Russ Steele
The snow on Mt. Baker Washington is still five stories tall in the pass, the Going to the Sun Road in Glacier National Park had the lastest opening ever, and record snow fall on Mt. Shasta have the glaciers moving again.
Northern hemisphere volcanos have been very active in Iceland, Russia, and Alaska over the last two years. These volcanos may have had more of an impact on our climate than we originally thought.
New studies show that volcanic eruptions can eject up to 100 million times more ash than previously thought. One million times! The ash seeds cloud formation, leading to more rain and snow.
A team of researchers in France monitored Iceland's Eyjafjallajokull volcano, which, beginning on March 20, 2010, ejected an enormous plume of ash into the atmosphere that soon spread across Europe.

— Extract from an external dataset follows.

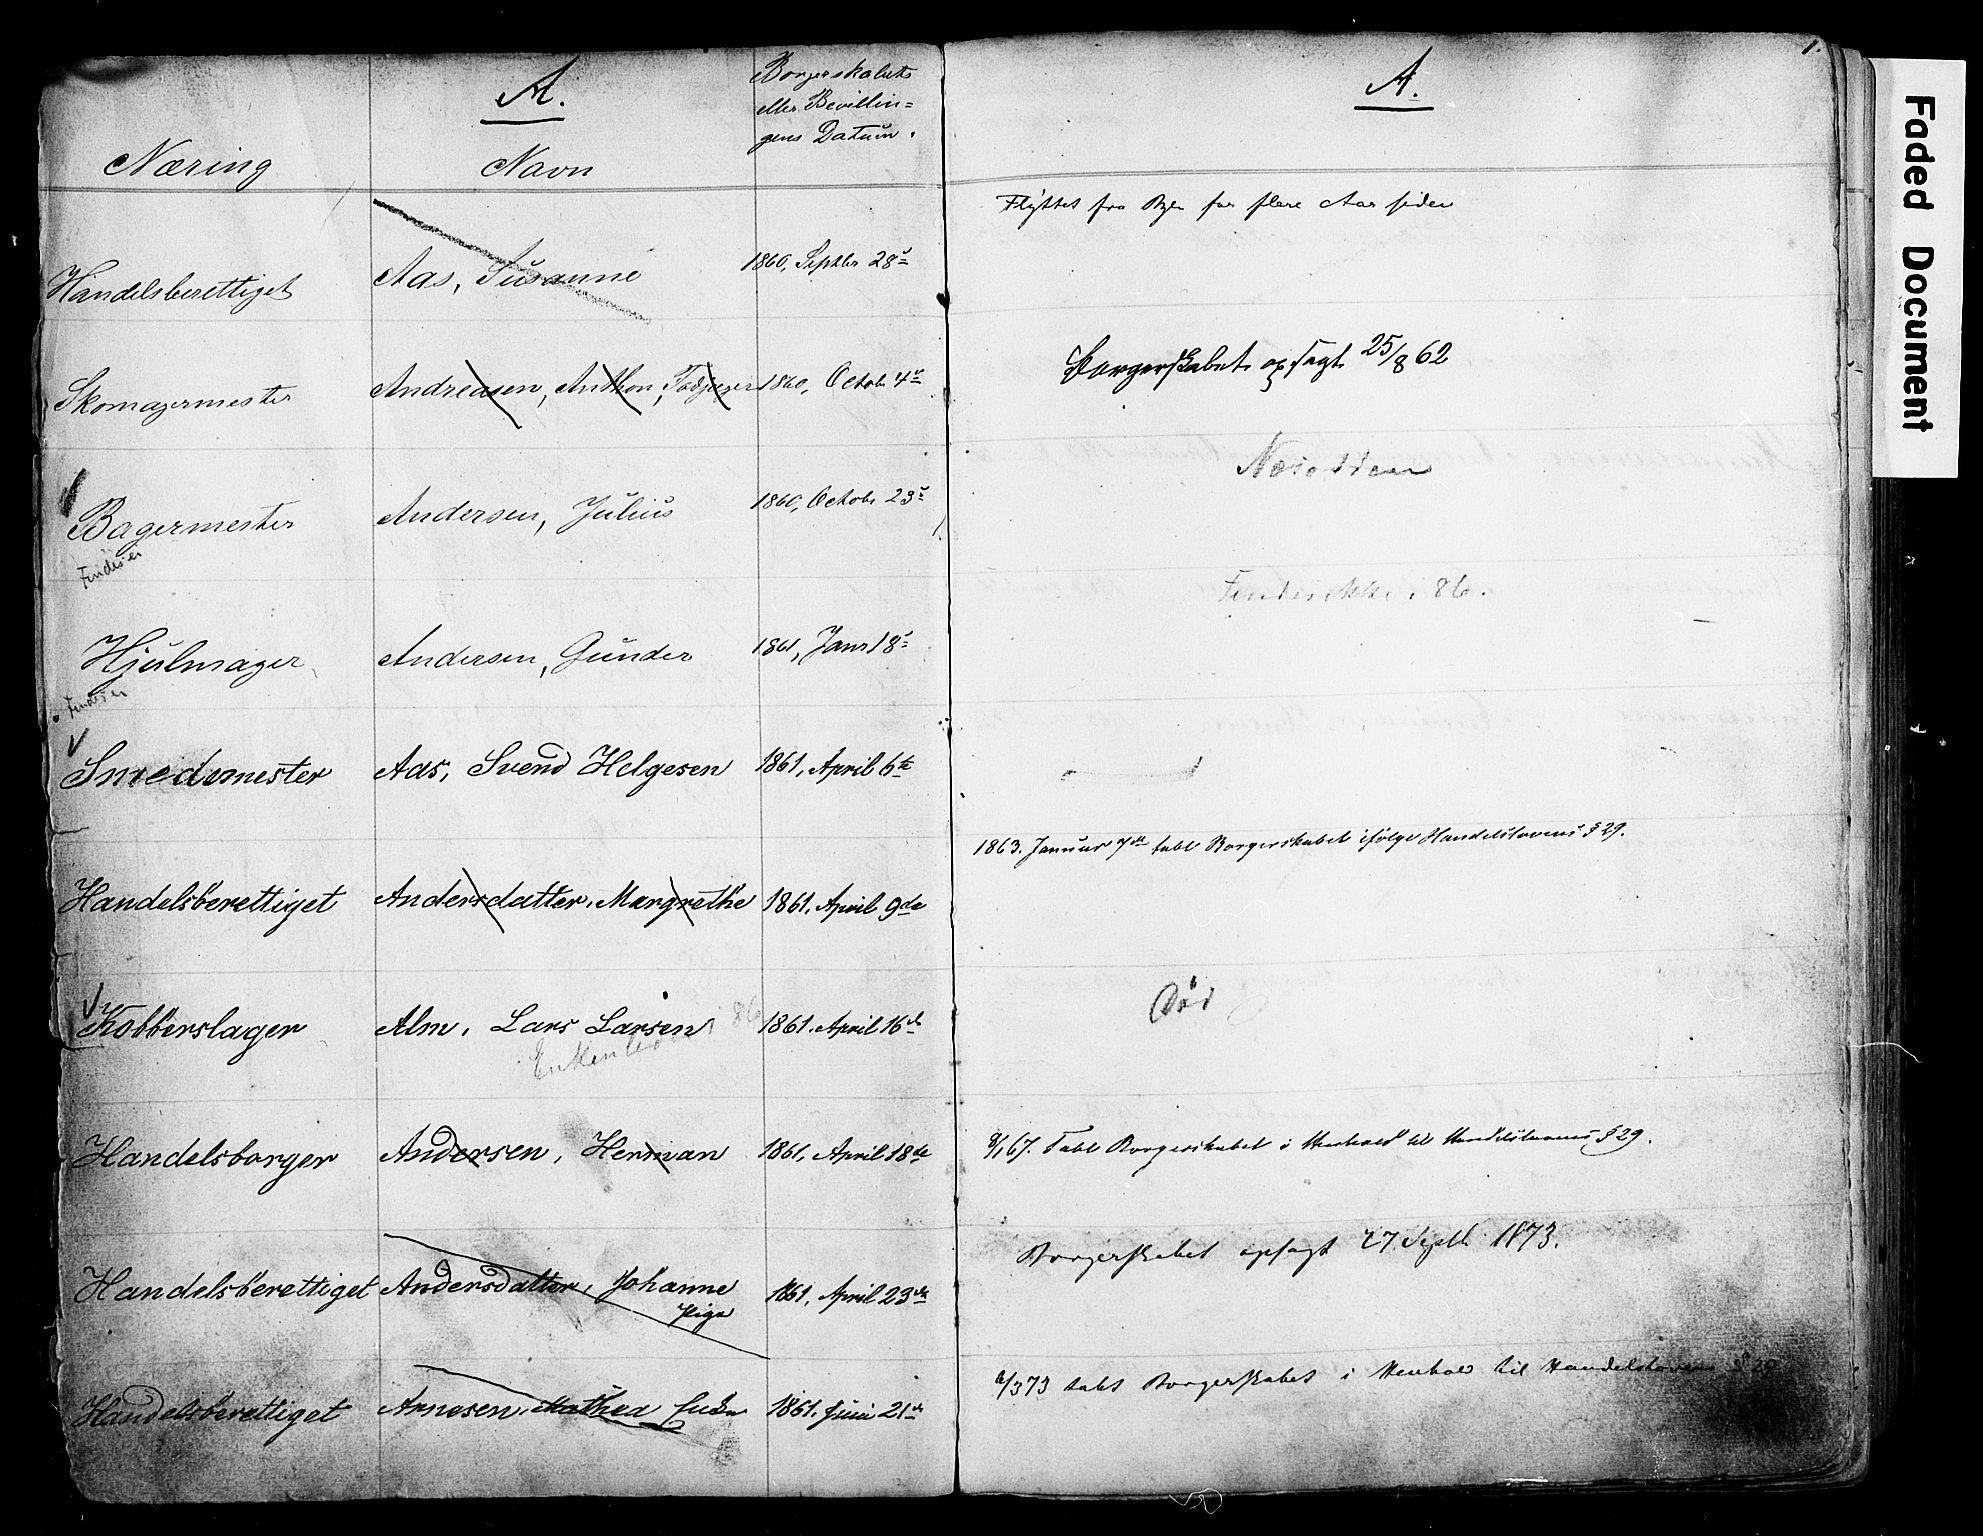 SAO, Kristiania magistrat, F/Fb/L0004: Borgerrulle, 1860-1879, s. 2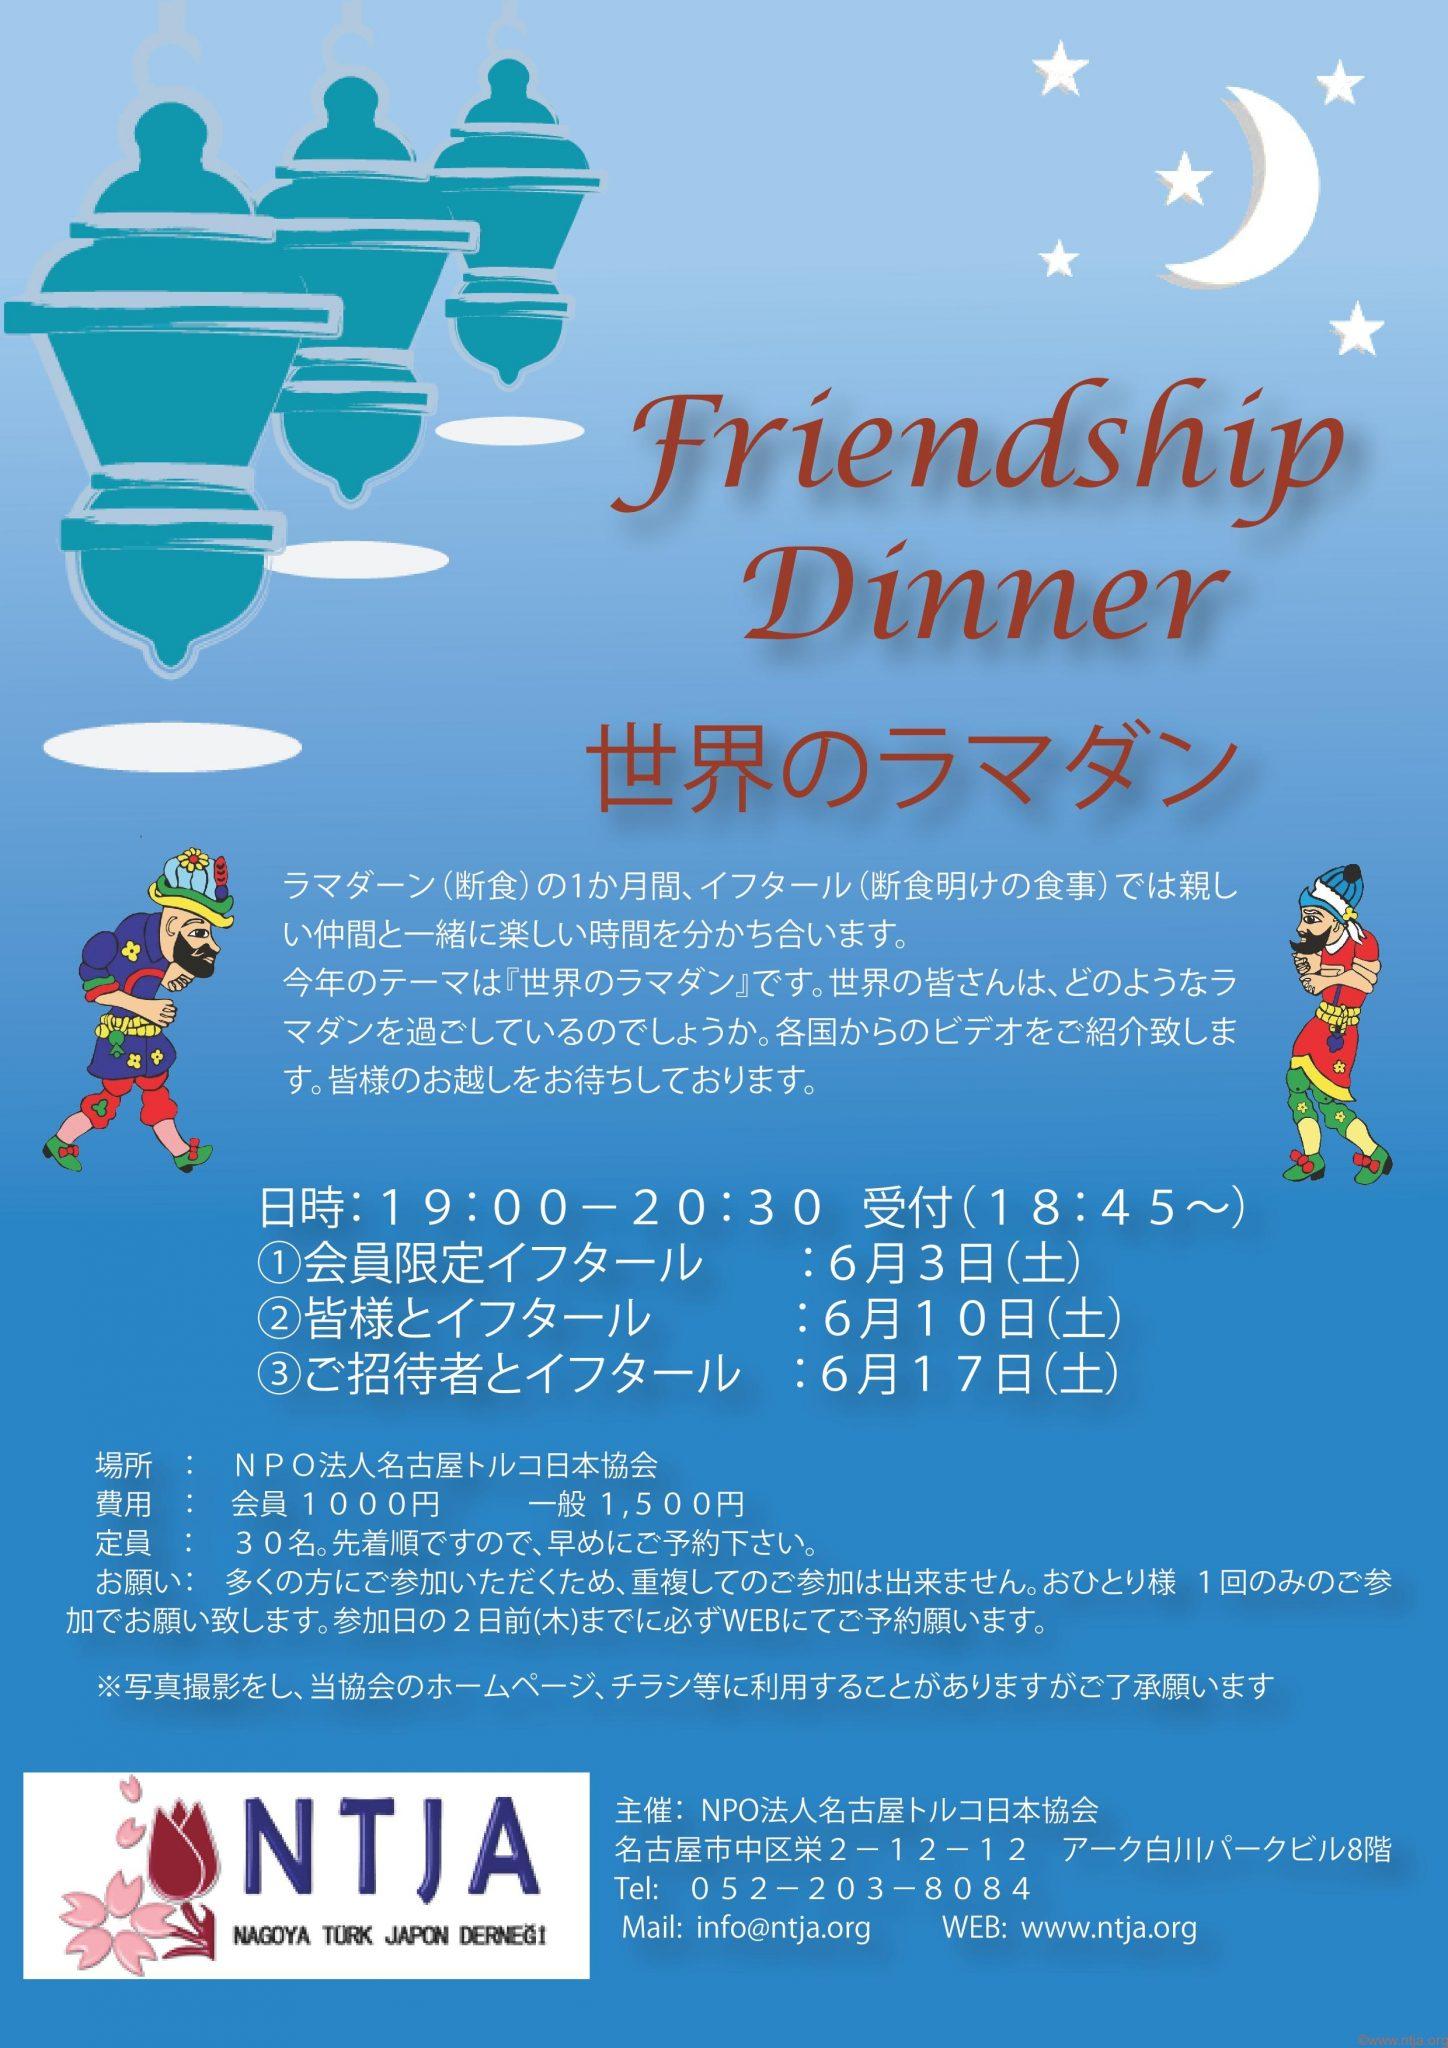 Friendship Dinner

The researchers then analyzed how many secondary particles this ash generated as it reacted chemically with other components of the atmosphere.
Their new data showed that when sulphuric acid particles become large enough, they can behave as seeds for cloud formation, thereby increasing the amount of precipitation.
In addition, such seeding particles can form at lower altitudes and farther away from volcanoes than past studies had suggested, causing changes in local and regional weather.
The findings, published online on July 11 in the journal Proceedings of the National Academy of Sciences, here, point to the potentially broader climate influence that volcanoes could have.
It was a combination of low solar activity in 1800 and long series of eruptions by Mount Tambora in 1815, that created a year without a summer in 1916 in the Northern hemisphere. Now the question, is could a series of seperate volcanos across the hemisphere produce enough ash and secondary particles to produce a future year without a summer? We live in interesting times.